The second theme of the first of these sections is the only one not derived from the core motif. Quasi-tonal quartal harmonies are especially evident, but alternate with polychords in dense ostinato textures and more thinly orchestrated tonal passages. The fourth section, which is developmental, begins with an abrupt change of tempo and a short tonal fugato in the strings.

==Discography==
Chronologically, in order of recording date.
- Villa-Lobos par Villa-Lobos: Concert du 04/04/1957. Jean Giraudeau, tenor; Camille Maurane, baritone; Jacques Chalude, bass; Chœur de la RTF; Orchestre Radio-Symphonique de Paris; Heitor Villa-Lobos, cond. Broadcast recording by the French Radio, made at the Salle Gaveau in Paris, on 4 April 1957. World premiere of the Symphony No. 10, preceded on an all-Villa-Lobos programme by performances of Erosão and Chôros No. 6. MP3 streaming audio. [Bry-sur-Marne]: Ina Musique(s), 2017.
- Villa-Lobos: Sinfonía No. 10 "Amerindia": Sumé pater patrium. Francisco Vas, tenor; Enrique Baquerizo, baritone; Santos Ariño, bass; Coral Universitat de Illes Balears (Joan Company, chorus master); Coral Reyes Bartlet (José Hijar Polo, chorus master); Coro de Cámera de Tenerife and Coro del Conservatorio Superior de Música de Tenerife (Carmen Cruz Simó, chorus master); Orquestra Sinfónica de Tenerife; Victor Pablo Pérez, cond. Recorded in the Paraninfo de la Universidad de La Laguna (Tenerife), Islas Canarias, Spain, December 1998. CD recording, 1 audio disc: digital, 4¾ in., stereo. Harmonia Mundi HMI 987041. Barcelona: Harmonia Mundi Ibérica, n.d.
- Heitor Villa-Lobos: Symphony No. 10 "Amerindia". Lothar Odinius, tenor; Henryk Böhm, baritone; Jürgen Linn, bass-baritone; Members of the Staatsopernchor Stuttgart; SWR Vokalensemble Stuttgart; Radio-Sinfonieorchester Stuttgart des SWR; Carl St. Clair, cond. Recorded in the Stadthalle Sindelfingen, 29 November – 10 December 1999. CD recording, 1 audio disc: digital, 4¾ in., stereo. CPO 999 786–2. Georgsmarienhütte: CPO, 2007.
- Heitor Villa-Lobos: Symphony No. 10 "Amerindia" Sumé Pater Patrium (Greatest Father of Fathers), Oratorio in Five Parts for Orchestra, Chorus and Soloists. World Premiere Recording. Carla Wood, mezzo-soprano; Carlo Scibelli, tenor; Nmon Ford-Livene, bass-baritone; Santa Barbara Choral Society (Jo Anne Wasserman, chorus master); UCSB Chamber Choir (Michel Marc Gervais, chorus master); Donald Brinegar Singers (Donald Brinegar, chorus master); Santa Barbara Symphony Orchestra; Gisèle Ben-Dor, cond. Recorded at Oxnard Center for the Performing Arts, Oxnard, California, January 2000. CD recording, 1 audio disc: digital, 4¾ in., stereo. Koch International Classics 3-7488-2 HI. Port Washington, NY: Koch International Classics, 2000.

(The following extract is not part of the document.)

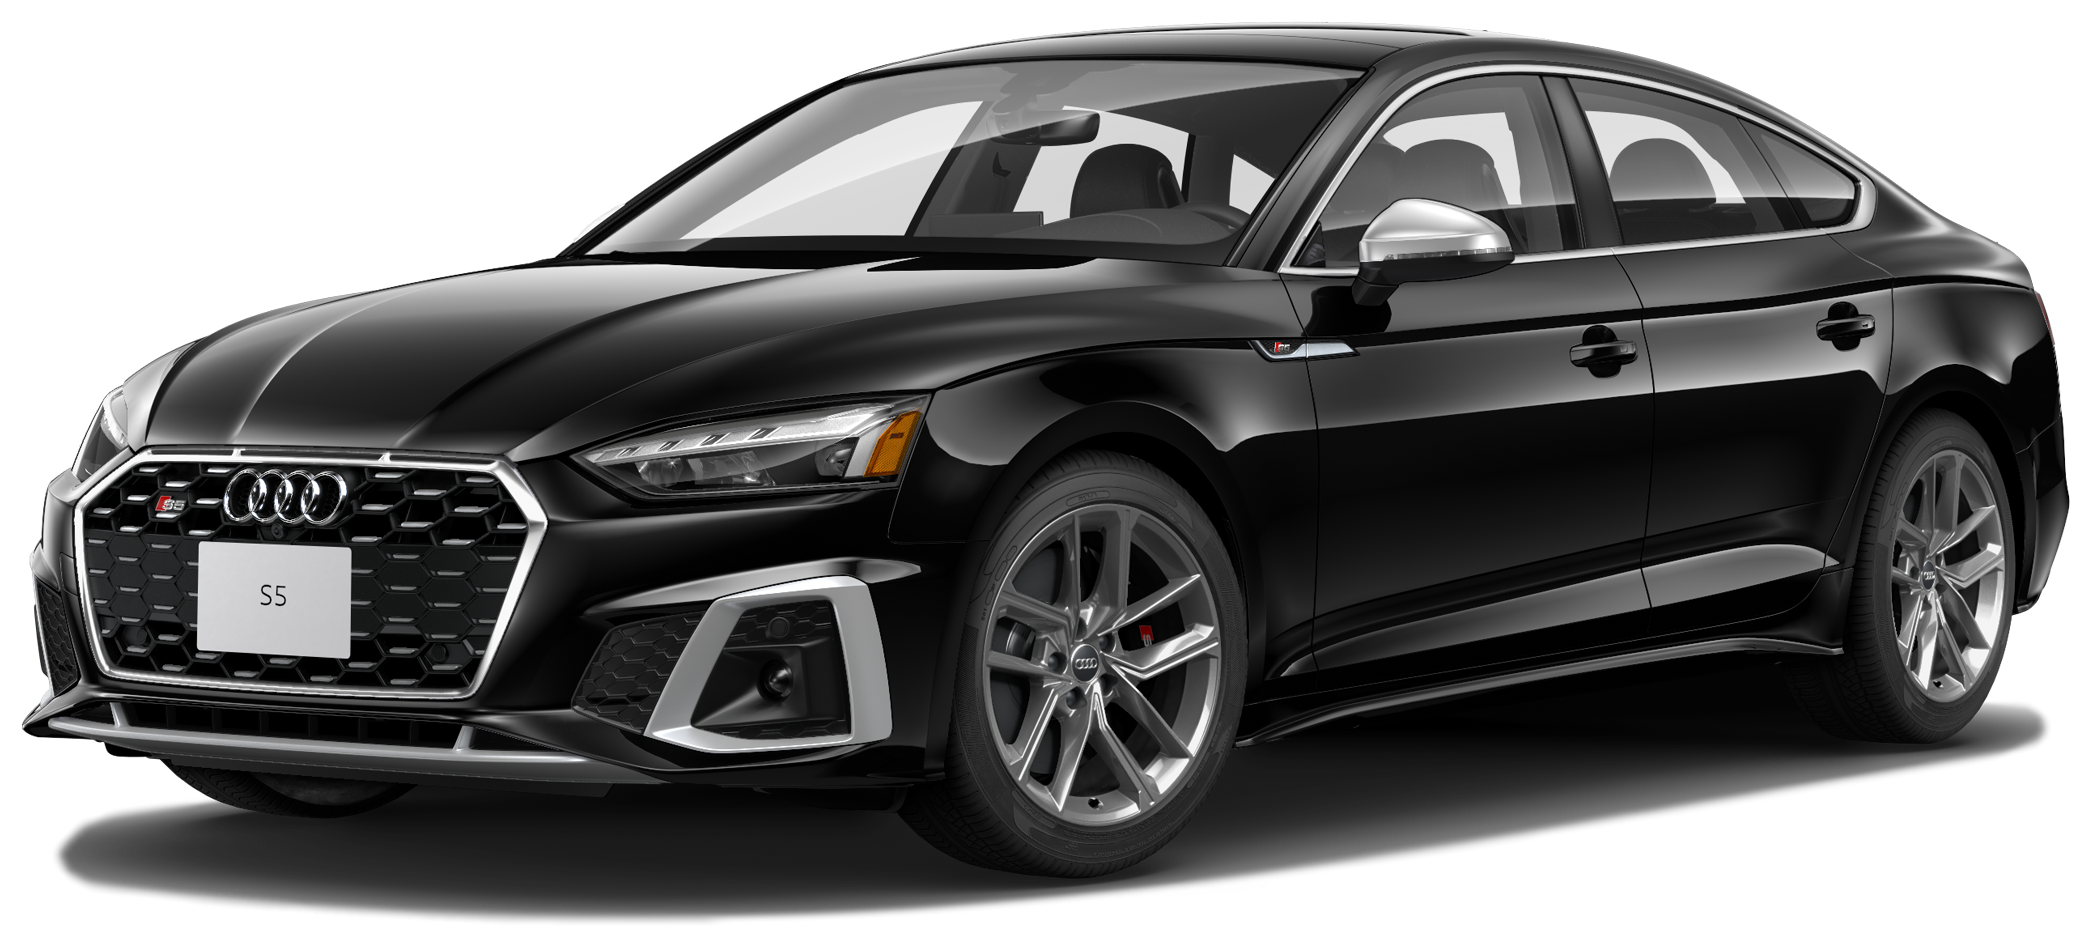 2021 Audi S5 Incentives, Specials & Offers in Greensboro NC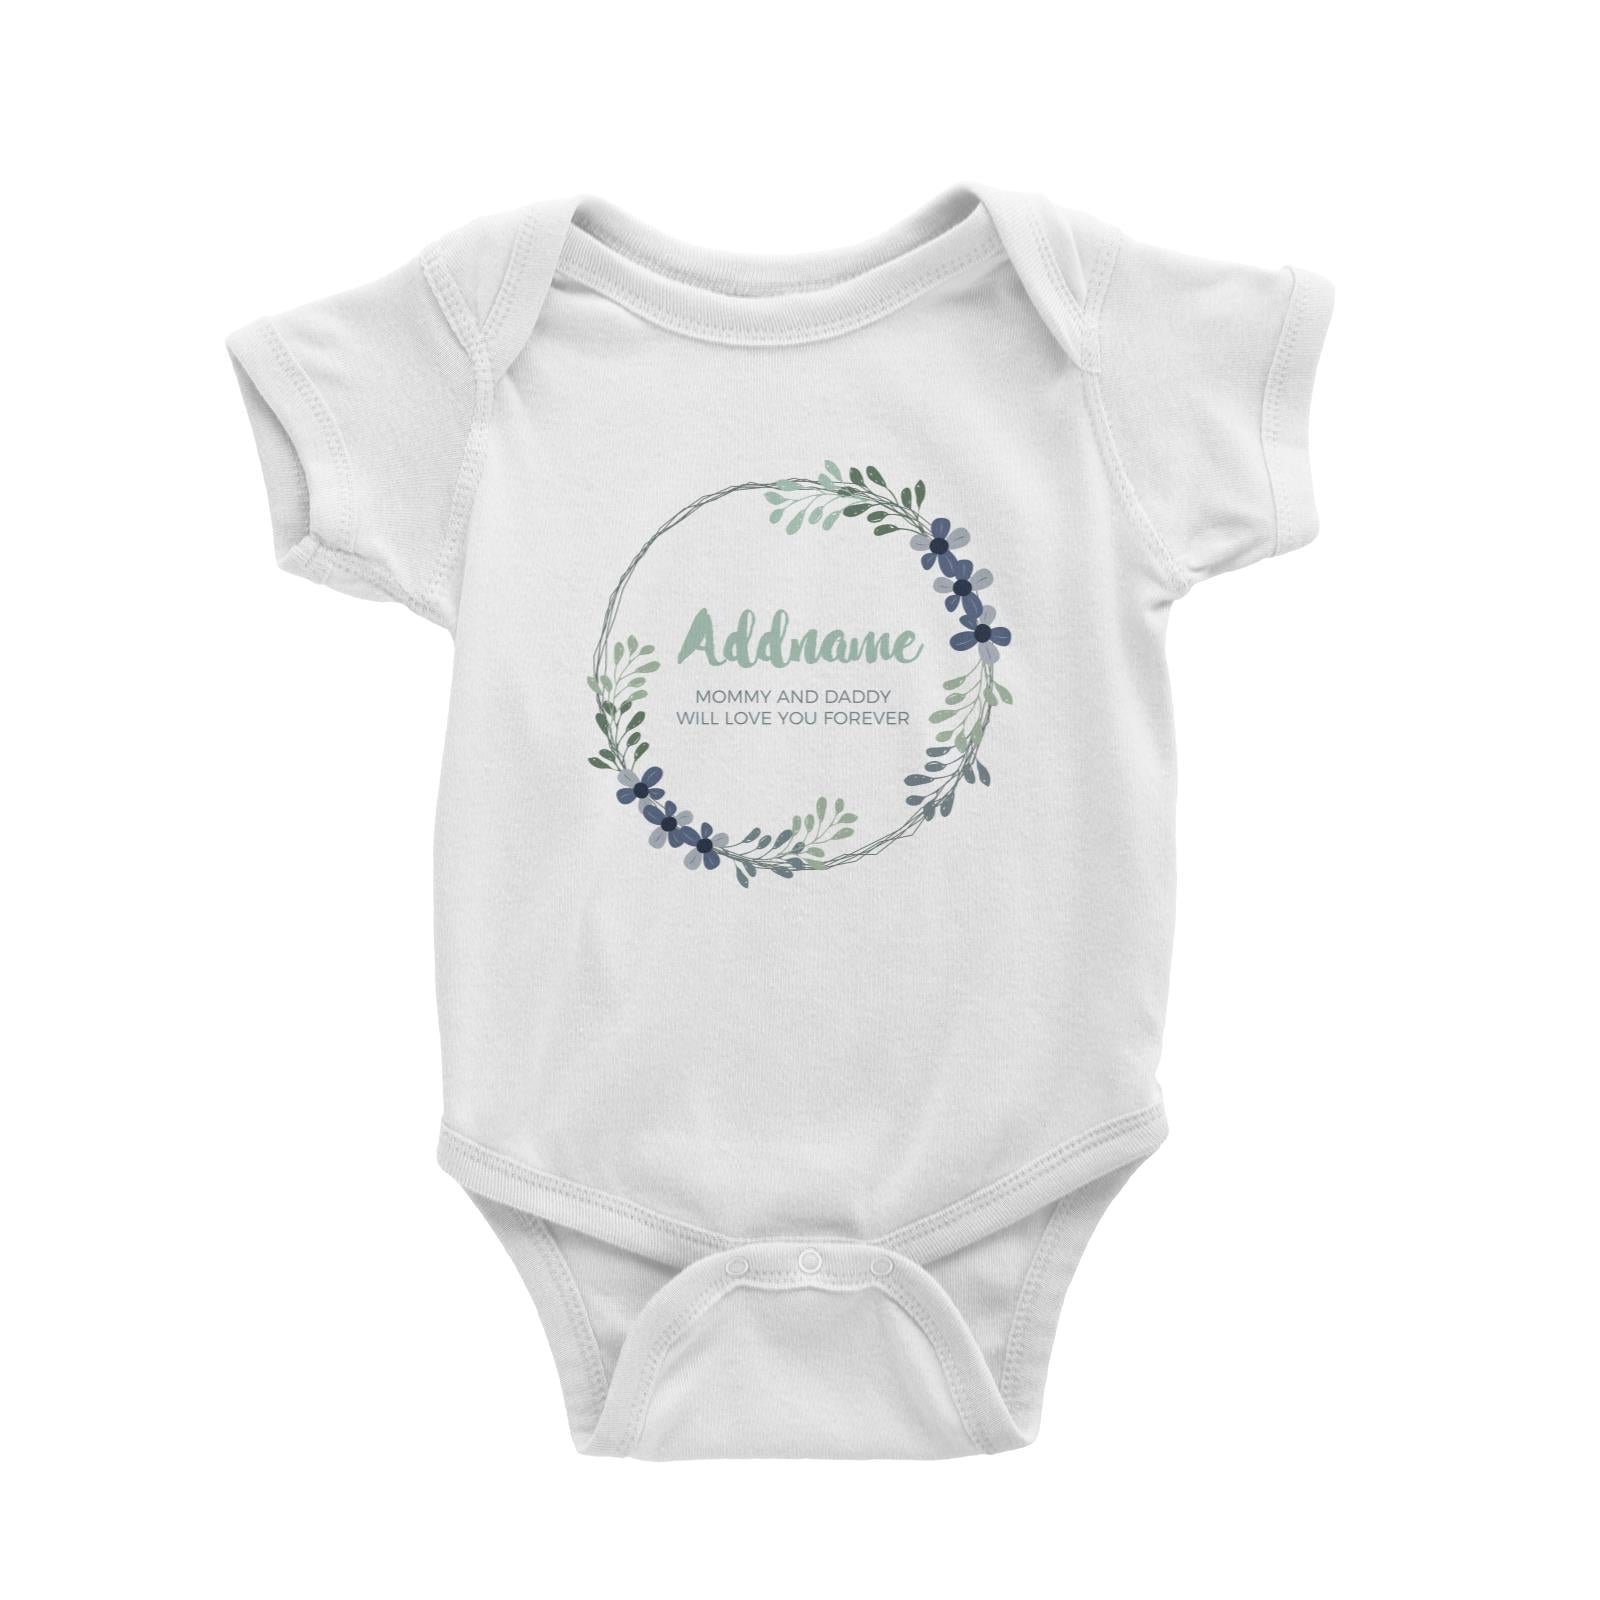 Dark Green and Navy Blue Wreath Personalizable with Name and Text Baby Romper

- Villa-Lobos: Symphony No. 10 "Amerindia". Leonardo Neiva, baritone; Saulo Javan, bass; São Paulo Symphony Orchestra and Choir (Naomi Munakata, chorus master); Isaac Karabtchevsky, cond. Recorded in São Paulo after 2011. CD recording, 1 audio disc: digital, 4¾ in., stereo. Naxos 8.573243. [S.l.]: Naxos Rights US, Inc., 2014.